Hello! I am trying to use the Ripserer package to do some TDA on a time series, following the example here: Sublevel Set Persistent Homology · Ripserer.jl

When I finished writing this post, I stumbled across a newer version of the example: Cubical Persistent Homology · Ripserer.jl

Which answered some of my questions but not all.

The relevant part of the example is the beginning up until (and not including) the heading “Dealing with Noise,” NOT including the section for the 2D black hole image. The issues arise when generating the colored/starred “Representatives” plot. Both links above are essentially identical for this section other than on two points which I will explain below.

Some parts of my questions will probably require knowledge of Ripserer and/or TDA, but I expect/hope some can be answered by someone who is just more familiar with plotting in Julia than me.

There are three main issues with the example code as-is:

*1. Scatter-plotting the “x_min” values as stars*

The original example code is passing the plotter CartesianCoordinate{1} objects, which the plotter doesn’t like. This is solved in the newer version by extracting integers from the CartesianCoordinate{1} objects using:

min_indices = [only(birth_simplex(int)) for int in result]

Array of CartesianCoordinate{1} objects ^

min_x = eachindex(curve)[min_indices]

Just integers ^

No questions here but I’ll leave it in case it helps anyone else.

*2. Plotting the different intervals as different colored curves (underneath “To get the locations of the minima…”)*

**Q0: it seems that the example is saying it doesn’t matter if you pass the plotting function the “interval” as is or if you pass it representative(interval), so I am just passing the interval as is. Any thoughts on the difference here are much appreciated.**

Running the code as given on the webpage, almost the whole curve is green, and the last little bit is the blue from the original infinite_interval plotting coming through. This is the only other change in the new webpage; the output image given is now accurate to what it currently does, but they don’t give any information about how to get them colored like they used to. I was able to do this by coloring the starting with the most persistent of the intervals and iterating backwards. This way the small intervals don’t get overlapped by the most persistent intervals at the end which cover almost the whole curve.

In the new webpage, later when they are adding noise to the diagram, they are able to take care of this overlapping by just sorting the representatives by birth time.

Note that if you print out an interval, they are the y values of the beginning and end of the part of the curve corresponding to that interval.
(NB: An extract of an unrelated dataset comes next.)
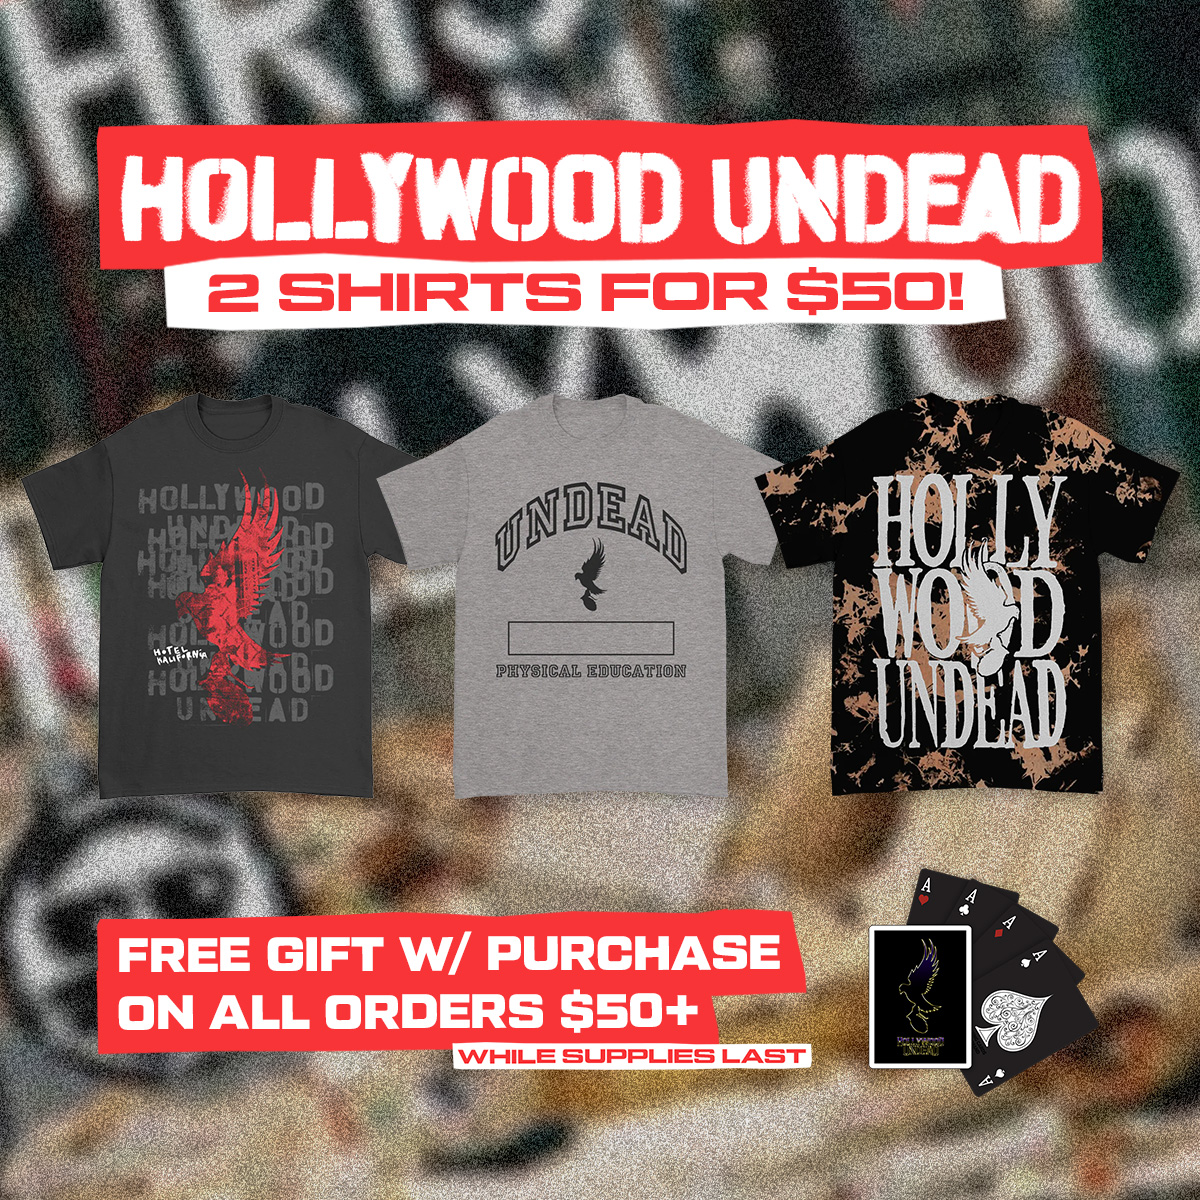 It’s the most wonderful sales of the year 🤑🎁 2 for $50 tees + a free gift! (only valid now-Sunday) PLUS 3 limited edition holiday bundles 🕊️ Shop now at store.hollywoodundead.com
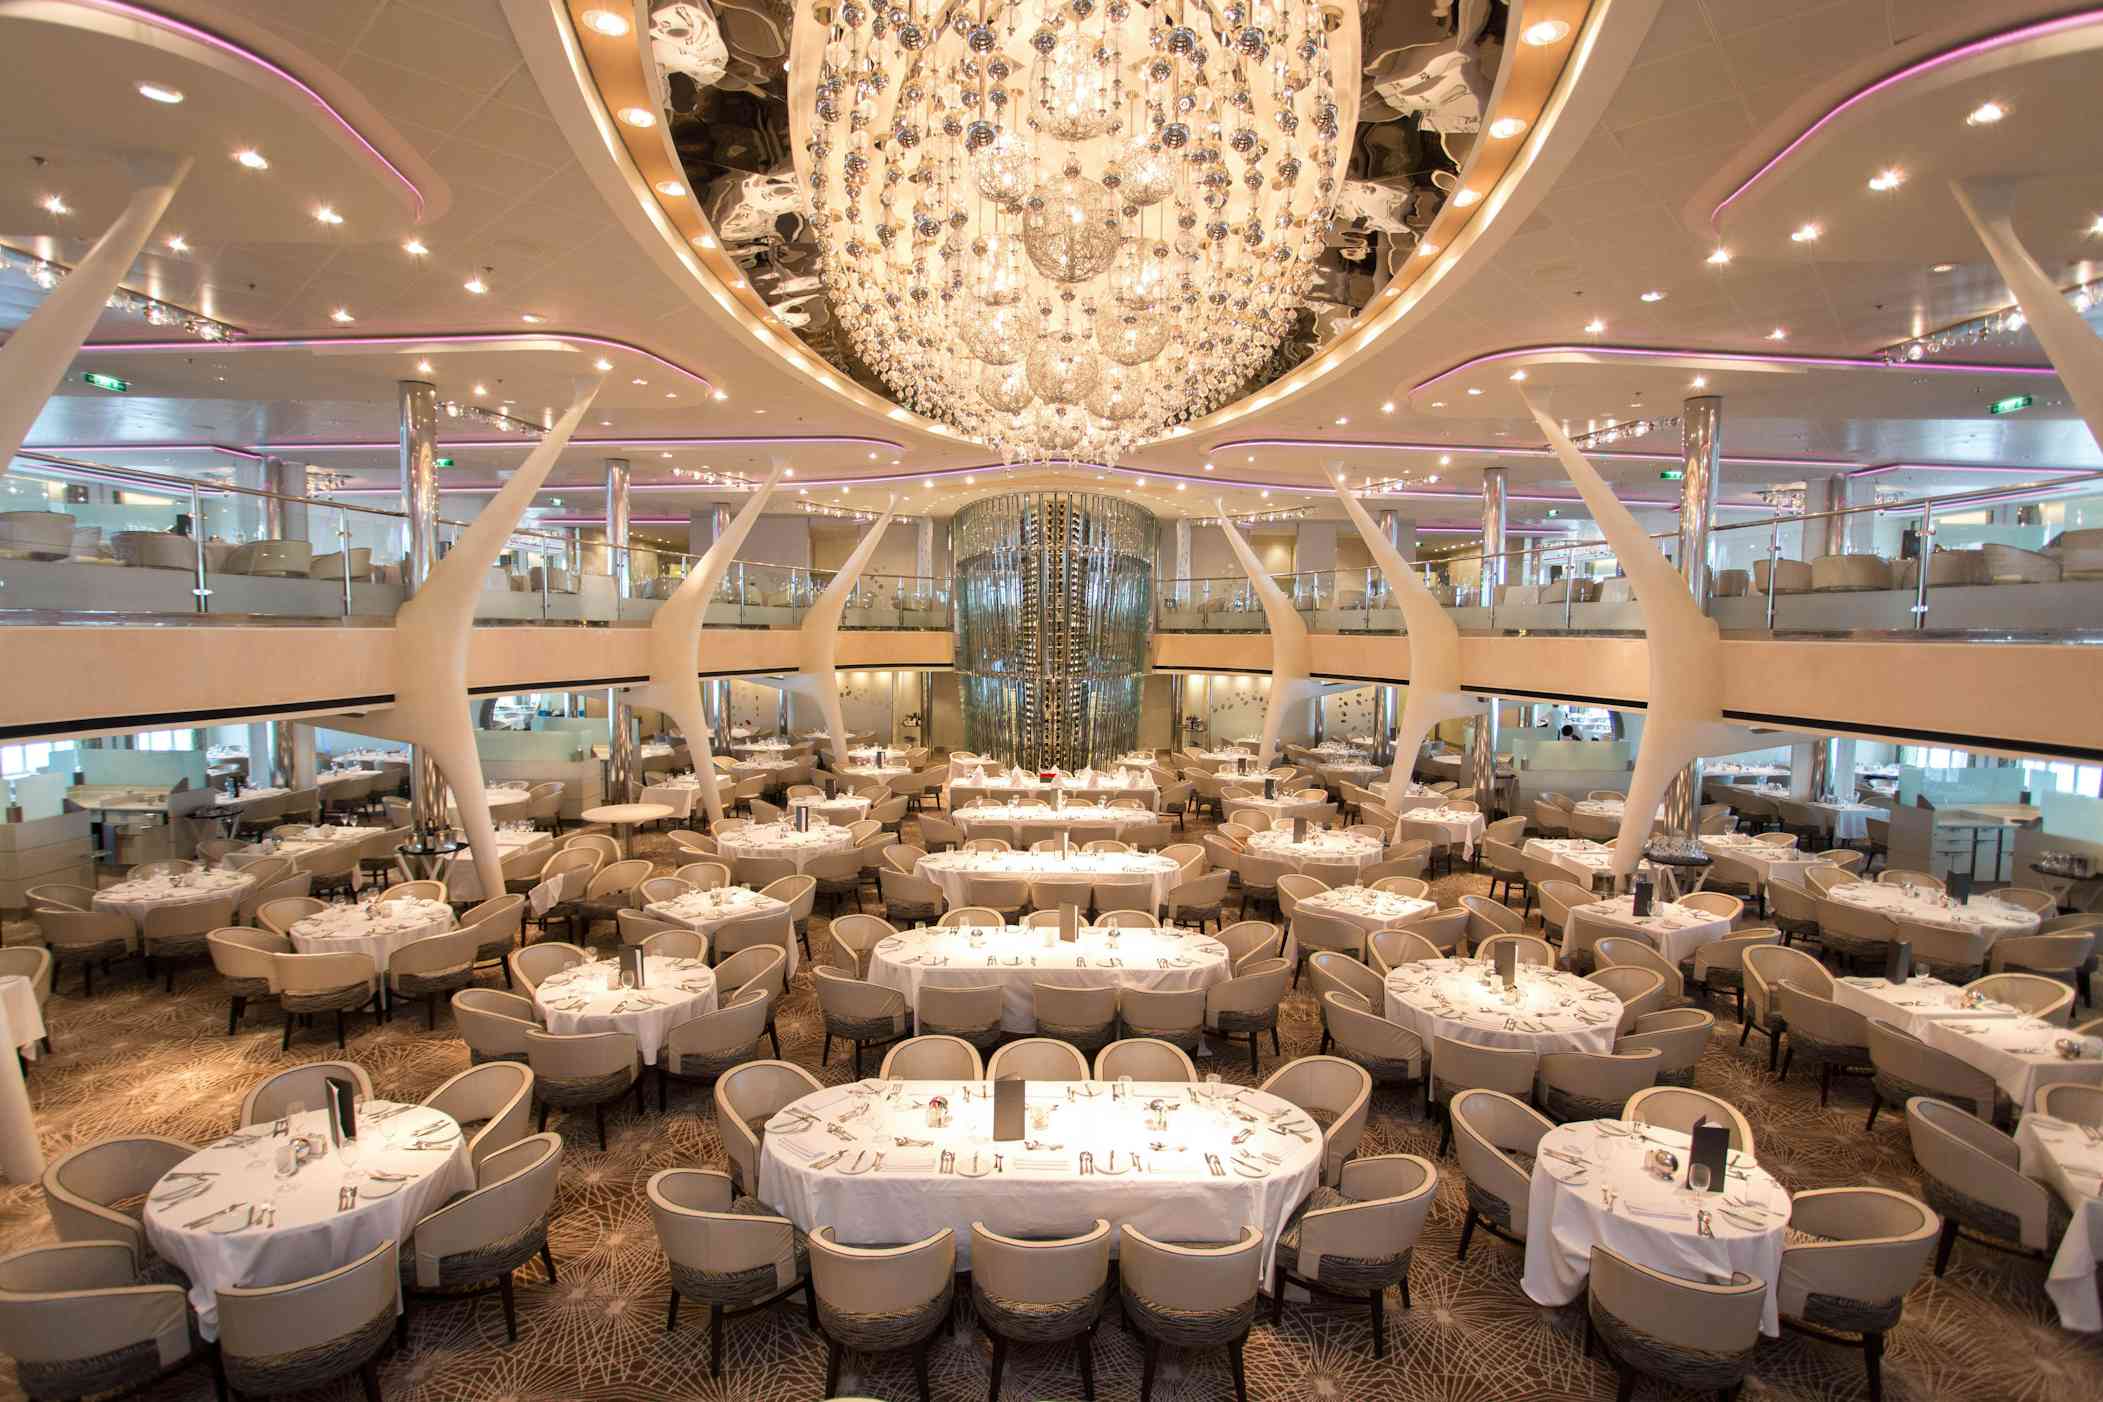 7 Tips for Eating and Dining on Cruises

The infinite interval corresponds to the entire curve. If we plot the infinite interval, and then plot the third interval “filter(isfinite, result)[3]” then you get the following picture. Printing out this interval gives “[-0.153, 0.252)”. The infinite interval is the blue part, and the red part is where the second interval has overlapped the initial plot.

**Q1: How does the plotting function know what to plot here? It is not simply plotting every point on the curve which has a y value within the interval; instead, it is plotting all parts of the curve from the beginning up into maximum with the y value that is the end of the interval (in this case 0.252). Why we would want this makes some sense to me in the TDA context (though I don’t understand it well enough to be able to explain it well), but I don’t understand how the plotting function knows what to plot. Maybe the “interval” being passed into it has the x-values baked into it somehow? If so, how does the plotter get them (and how can I get them)?**

Understanding what’s going on here will likely also answer my later difficulties with plotting my own data.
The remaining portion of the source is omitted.